Neuroscience, History

Author Affiliations

Books, Journals, New Media Section Editor: Harriet S. Meyer, MD, Contributing Editor, JAMA; Journal Review Editor: Brenda L. Seago, MLS, MA, Medical College of Virginia Campus, Virginia Commonwealth University.

JAMA. 2005;294(6):745-746. doi:10.1001/jama.294.6.745-b

During the last two decades of the 19th century, two theories competed to describe how the brain functioned at the microscopic level. The reticular theory held that the brain was functionally one big cell; protoplasm flowed from the cerebral cortex to the spinal cord through cellular processes. The neuronal theory held that brain cells, or neurons, were separate; one cell contacted another only by means of a special connection, later called the synapse.

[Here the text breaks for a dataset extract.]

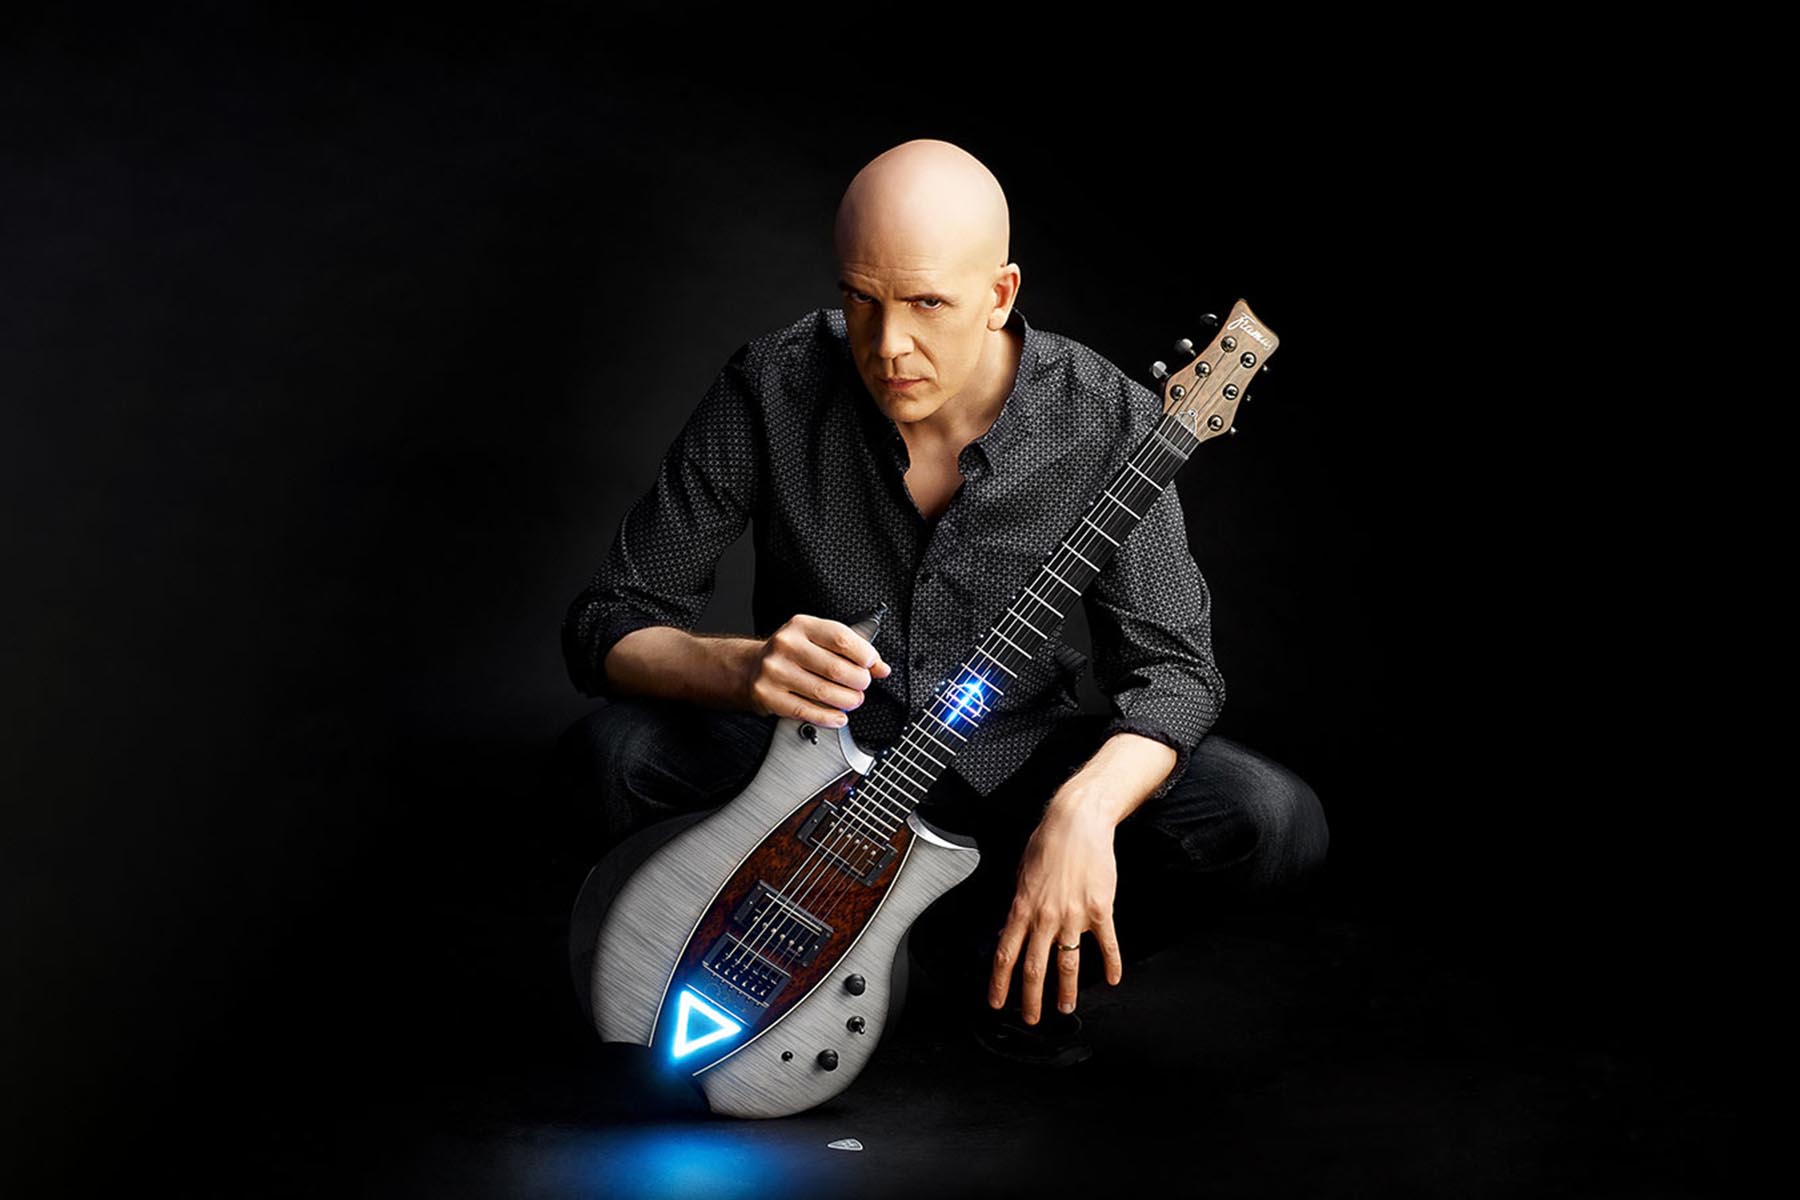 DEVIN TOWNSEND to Release "Order Of Magnitude – Empath Live 1" As First Volume Documenting the EMPATH Touring Cycle
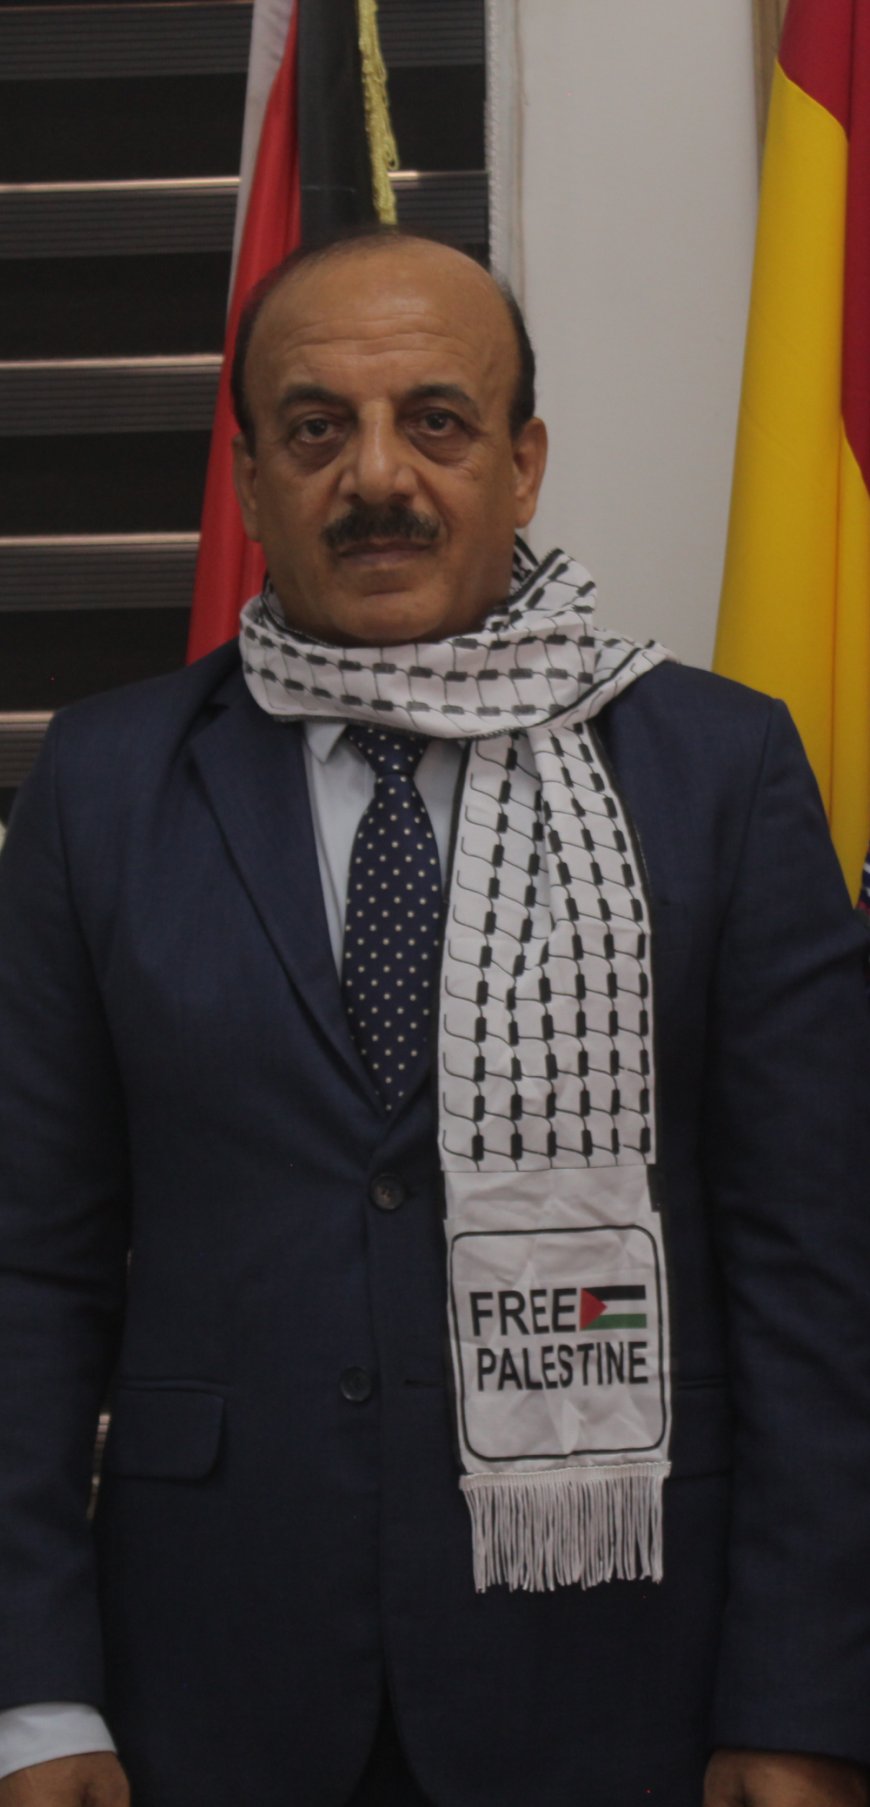 Palestinian Ambassador to Ghana Urges International Support Amidst Ongoing Conflict with Israel

Camillo Golgi, who developed the eponymous silver stain that made possible all subsequent advances in neurohistology, championed the reticular theory. Santiago Ramón y Cajal, using Golgi’s stain to pursue detailed and artistic studies of nerve cell processes, became the champion of the neuronal theory. By the time the two shared the Nobel Prize in 1906, the scientific community had proclaimed the neuronal theory victorious. Developments in the 20th century have shown that in many ways the brain does function as a unit; brain cells are anatomically separate but functionally so closely related as to bring Golgi’s old ideas back into play.